Ia menekankan, keberhasilan optimalisasi PAD dan TKD tidak terlepas dari komitmen kepala daerah beserta jajaran, dalam mengambil kebijakan fiskal yang tepat sasaran dan sesuai dengan kondisi riil di daerah.
FGD tersebut sekaligus diharapkan menjadi ruang dialog antara pemerintah pusat dan daerah, untuk menyamakan persepsi serta menyampaikan berbagai persoalan yang dihadapi dalam pengelolaan keuangan daerah.
“Forum ini kami harapkan jadi ruang dialog langsung antara pengambil kebijakan di daerah dengan pemerintah pusat. Ini ceritanya forum unek-unek ya bapak ibu,” katanya.
Dalam kesempatan itu, Kepala KPPN Bukittinggi juga menegaskan peran Direktorat Jenderal Perbendaharaan (DJPb) sebagai Regional Chief Economist dan KPPN sebagai Financial Advisor dalam mendampingi pemerintah daerah mengelola keuangan.
KPPN Bukittinggi memiliki wilayah kerja tiga kabupaten dan tiga kota. Tahun anggaran 2026, lembaga tersebut mengelola anggaran transfer daerah sebesar Rp4,86 triliun.
Hingga saat ini, sebanyak Rp3,51 triliun atau sekitar 72 persen telah disalurkan untuk mendukung pemerintah daerah dan masyarakat, di antaranya melalui Dana Desa, Dana BOS, serta Tunjangan Penghasilan Guru yang disalurkan langsung ke rekening penerima.
Sementara itu, Wakil Bupati Agam, Muhammad Iqbal mengatakan, Pemerintah Kabupaten Agam terus menggencarkan berbagai upaya untuk meningkatkan penerimaan PAD, khususnya yang bersumber dari sektor pajak daerah.
Menurutnya, peningkatan PAD menjadi salah satu langkah penting untuk memperkuat kemampuan fiskal daerah. Tambahan penerimaan tersebut nantinya diharapkan dapat mendukung pembiayaan berbagai program pembangunan di Kabupaten Agam.
“Pemerintah Kabupaten Agam kini tengah menggencarkan bagaimana penerimaan PAD dari pajak bisa meningkat.

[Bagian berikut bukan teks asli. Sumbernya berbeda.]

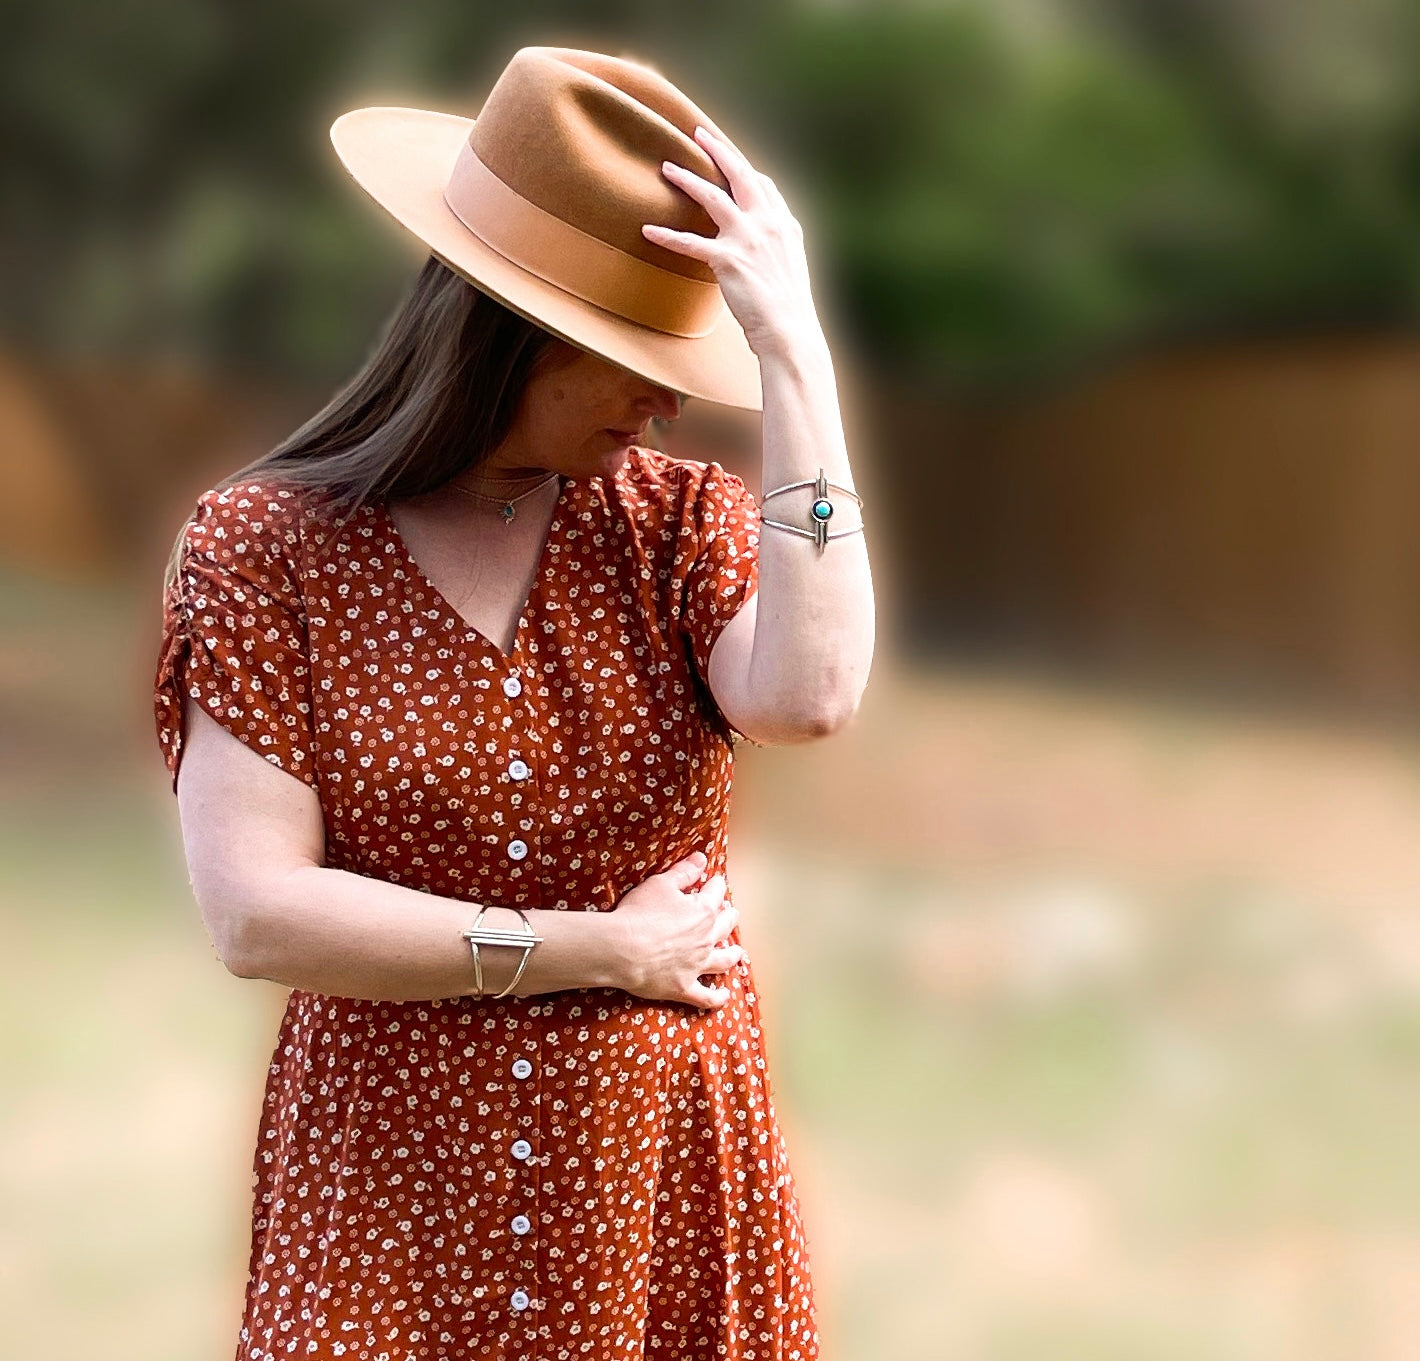 Woman wearing a brown dress with white flowers wearing Art Deco inspired sterling silver cuff bracelets on each wrist outdoors. She is wearing a brown western style hat with her head bent down to one side. One hand is touching the top of the hat and her other hand is across her waist to show the cuff designs.
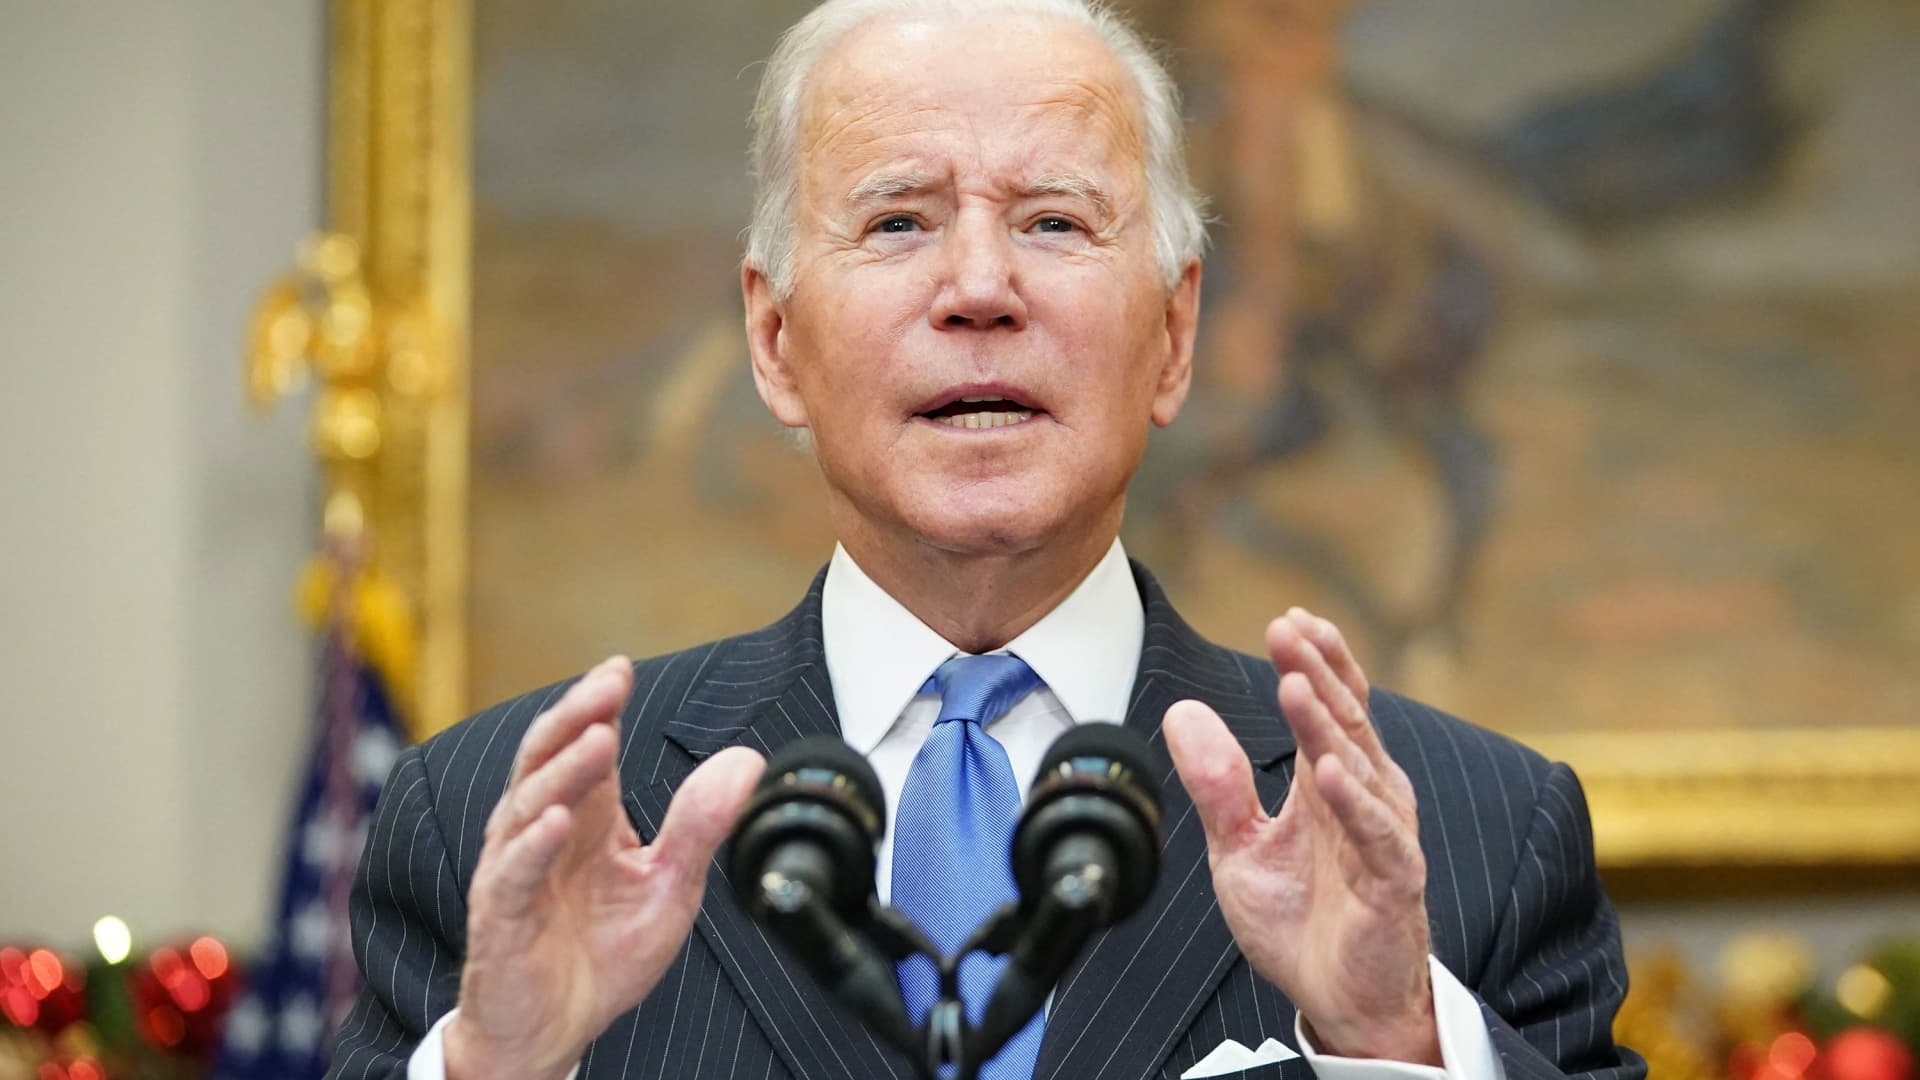 US President Joe Biden delivers remarks to provide an update on the Omicron variant in the Roosevelt Room of the White House in Washington, DC on November 29, 2021.

Nantinya ini bisa mendukung anggaran untuk pembangunan daerah,” ujar M Iqbal.
Ia menilai, peningkatan PAD harus terus dilakukan dengan mengoptimalkan berbagai potensi yang ada di daerah. Namun, di sisi lain, pemerintah daerah juga masih membutuhkan dukungan pemerintah pusat melalui TKD untuk menjaga kesinambungan pembiayaan pembangunan.
Karena itu, M Iqbal berharap kebijakan anggaran pemerintah pusat pada tahun mendatang dapat memberikan ruang yang lebih besar bagi daerah untuk menerima TKD.
“Kita berharap tahun depan tidak ada lagi pemotongan anggaran dari pusat, sehingga TKD bisa diterima daerah,” katanya.
Menurutnya, keseimbangan antara peningkatan PAD dan dukungan TKD sangat dibutuhkan agar pemerintah daerah memiliki kapasitas fiskal yang memadai, dalam menjalankan program pembangunan dan pelayanan kepada masyarakat.
Forum ini dilanjutkan dengan diskusi bersama Kepala Kantor Wilayah DJPb Provinsi Sumatera Barat, Mohammad Dody Fachrudin dan Direktur Pajak Daerah dan Retribusi Daerah, Lydia Kurniawati Christyana.
Dalam diskusi tersebut, berbagai persoalan mengenai pemungutan pajak dan pembangunan di daerah mengemuka.
Dalam kesempatan itu, KPPN Bukittinggi menyerahkan penghargaan kepada Pemerintah Kabupaten Agam sebagai pemerintah daerah tercepat dalam penyaluran DAK fisik tahap I tahun anggaran 2026.